The computer readable medium may be embodied in the electronic device; or may exist separately without being assembled into the electronic device. The computer readable medium carries one or more programs which, when executed by the electronic device, cause the electronic device to: acquiring a target human body image; determining a category to which a target human body image belongs from a predetermined category set as a target category, wherein the category in the category set corresponds to a preset human body image set, the category of the preset human body image in the preset human body image set is the category corresponding to the preset human body image set, the preset human body image set comprises at least one preset human body image subset, and the preset human body images in the preset human body image subset correspond to the same person; acquiring a preset human body image set corresponding to a target category as a candidate human body image set; determining whether the similarity between the person corresponding to the preset human body image subset in the candidate human body image set and the person corresponding to the target human body image is greater than or equal to a target similarity threshold value or not; and responding to the determination that the preset human body image subset is larger than or equal to the target similarity threshold value, and determining the preset human body image subset as a result human body image subset corresponding to the target human body image.
Computer program code for carrying out operations for aspects of the present disclosure may be written in any combination of one or more programming languages, including an object oriented programming language such as Java, Smalltalk, C + +, and conventional procedural programming languages, such as the "C" programming language or similar programming languages. The program code may execute entirely on the user's computer, partly on the user's computer, as a stand-alone software package, partly on the user's computer and partly on a remote computer or entirely on the remote computer or server. In the case of a remote computer, the remote computer may be connected to the user's computer through any type of network, including a Local Area Network (LAN) or a Wide Area Network (WAN), or the connection may be made to an external computer (for example, through the Internet using an Internet service provider).

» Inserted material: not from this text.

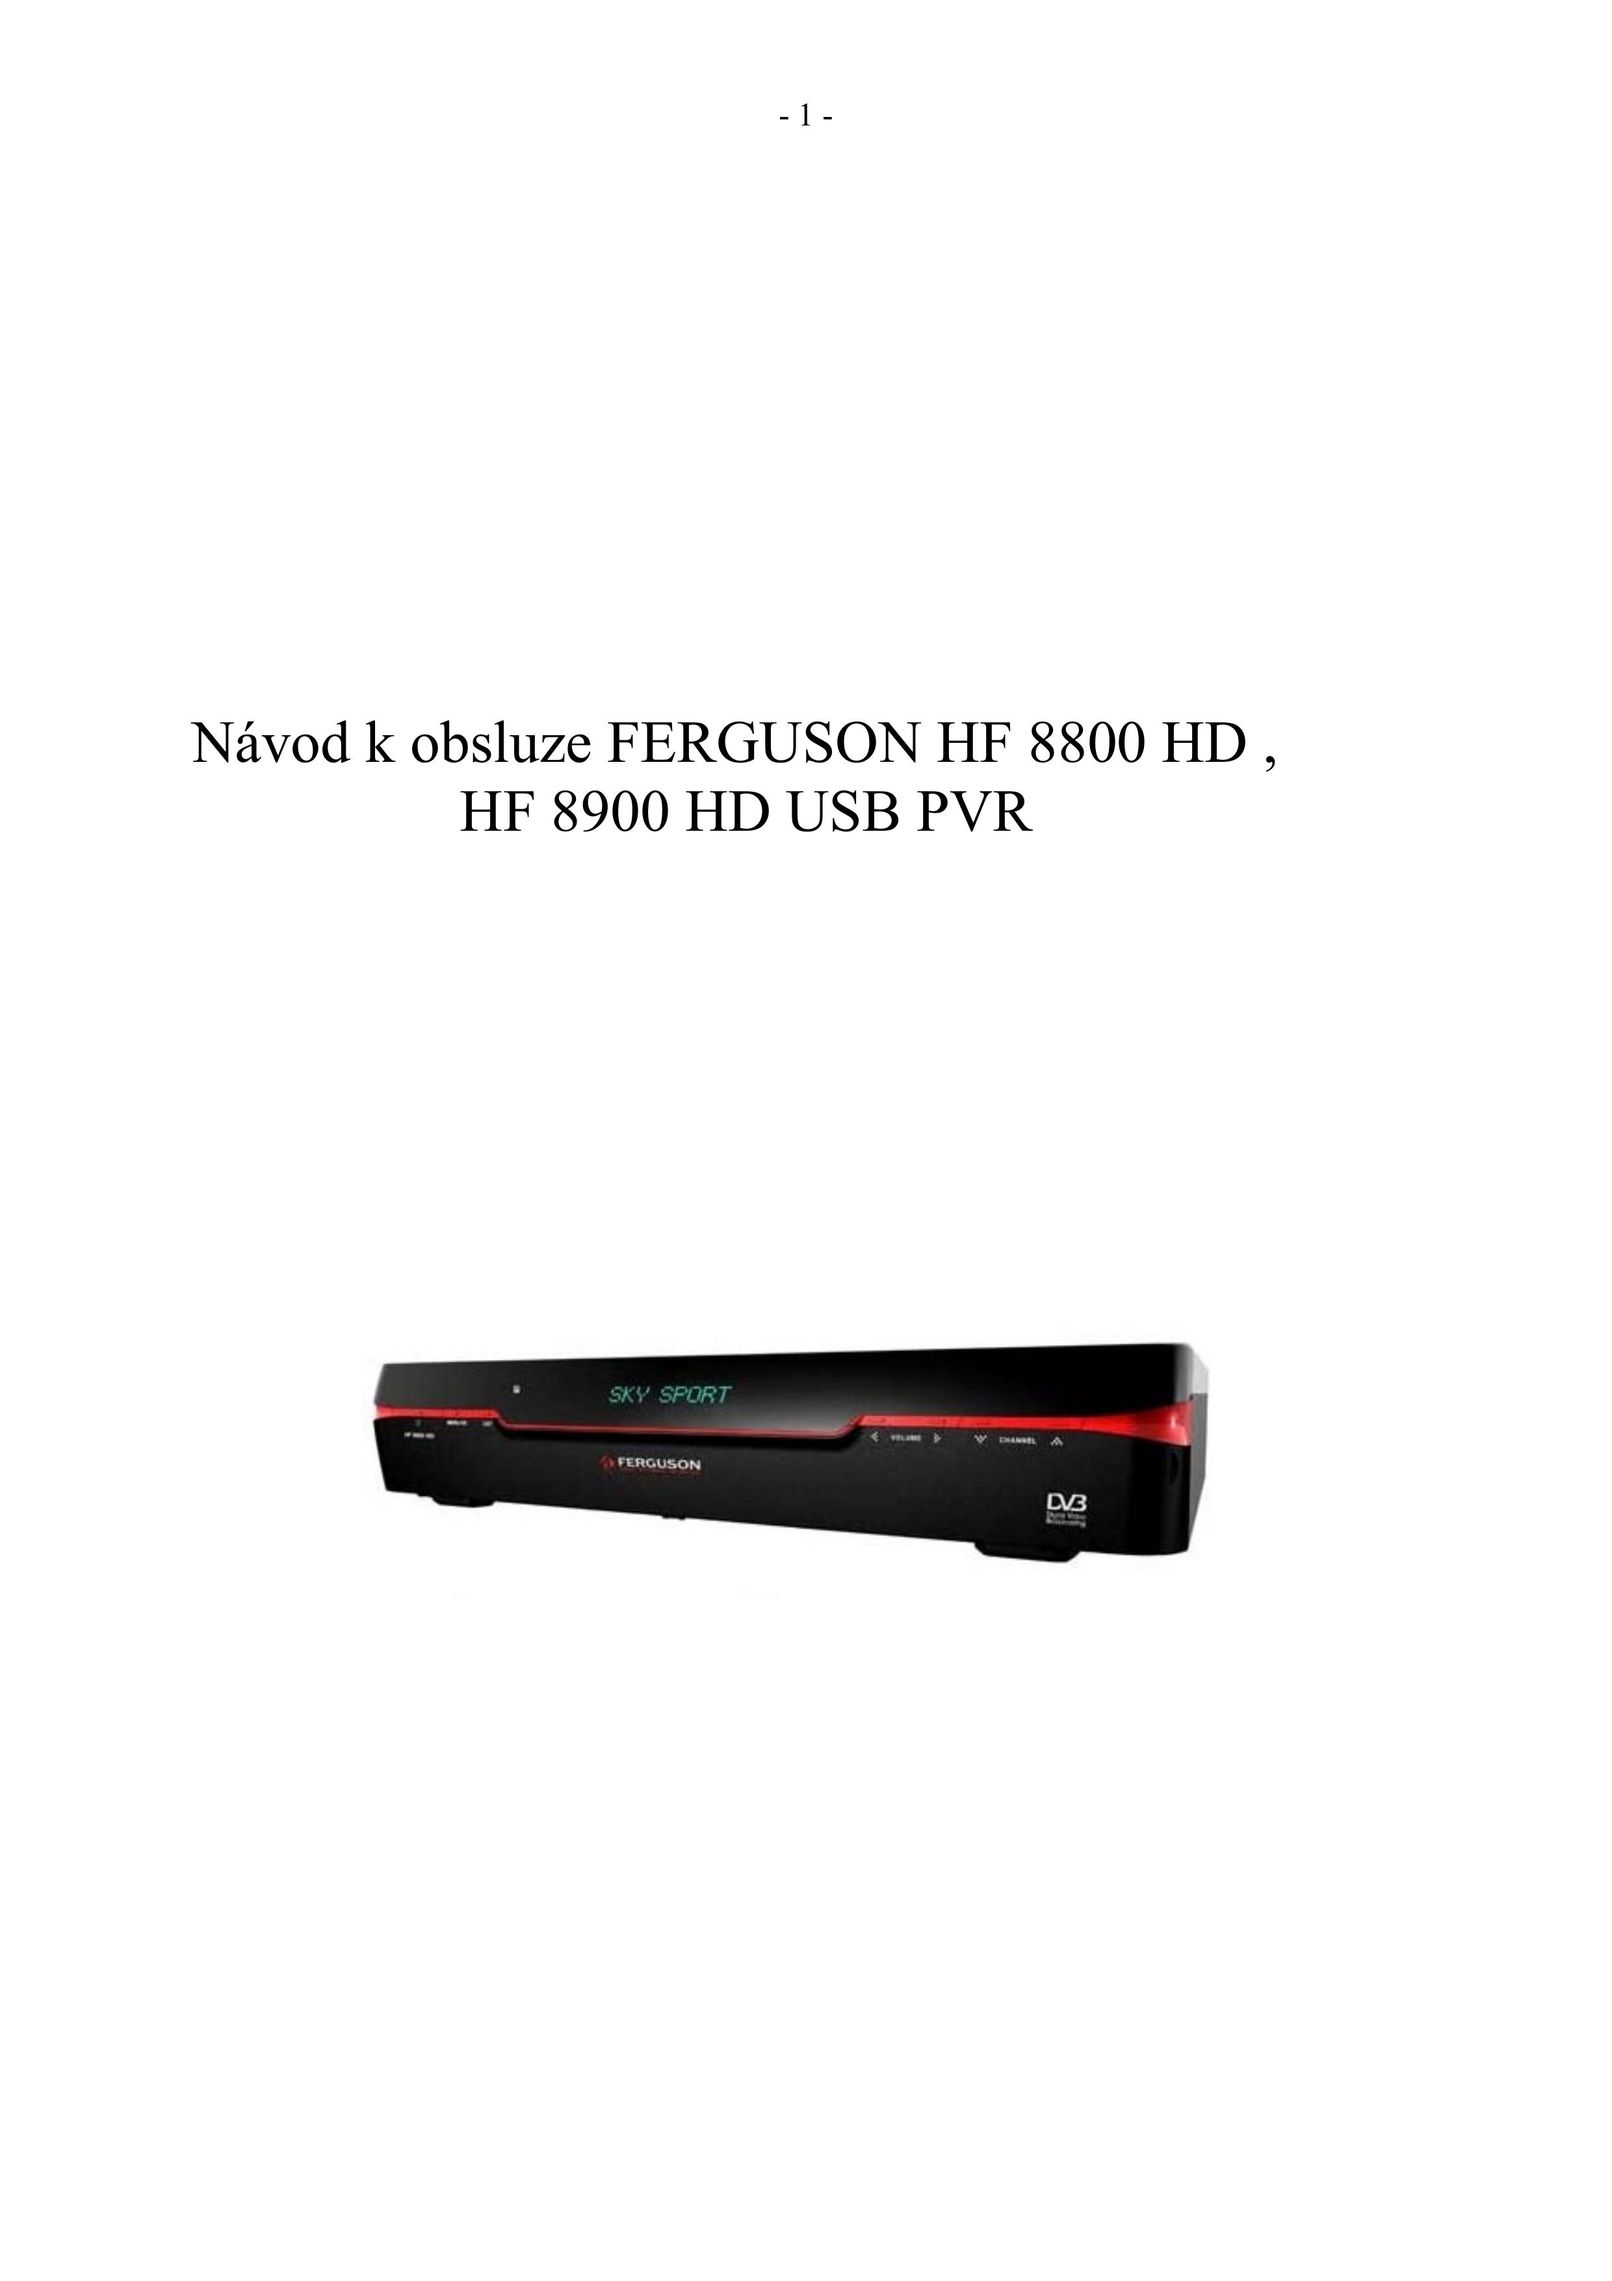 Ferguson HF 8800 HD Computer Drive User Manual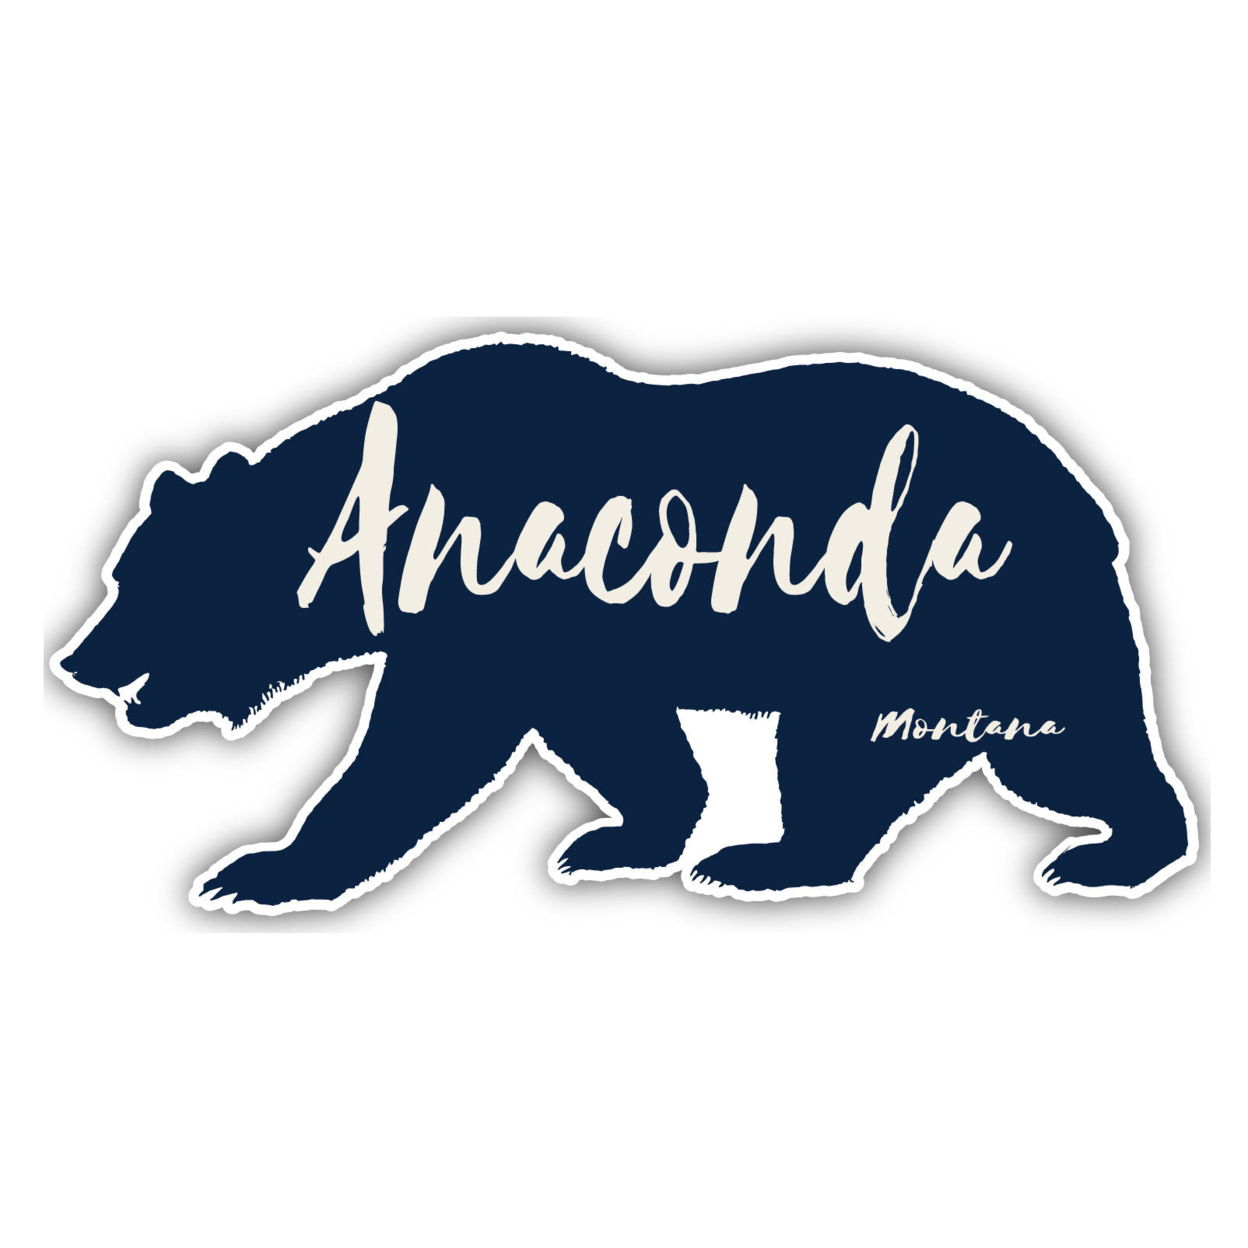 Anaconda Montana Souvenir Decorative Stickers (Choose Theme And Size) - Single Unit, 10-Inch, Bear

The flowchart and block diagrams in the figures illustrate the architecture, functionality, and operation of possible implementations of systems, methods and computer program products according to various embodiments of the present disclosure. In this regard, each block in the flowchart or block diagrams may represent a module, segment, or portion of code, which comprises one or more executable instructions for implementing the specified logical function(s). It should also be noted that, in some alternative implementations, the functions noted in the block may occur out of the order noted in the figures. For example, two blocks shown in succession may, in fact, be executed substantially concurrently, or the blocks may sometimes be executed in the reverse order, depending upon the functionality involved. It will also be noted that each block of the block diagrams and/or flowchart illustration, and combinations of blocks in the block diagrams and/or flowchart illustration, can be implemented by special purpose hardware-based systems which perform the specified functions or acts, or combinations of special purpose hardware and computer instructions.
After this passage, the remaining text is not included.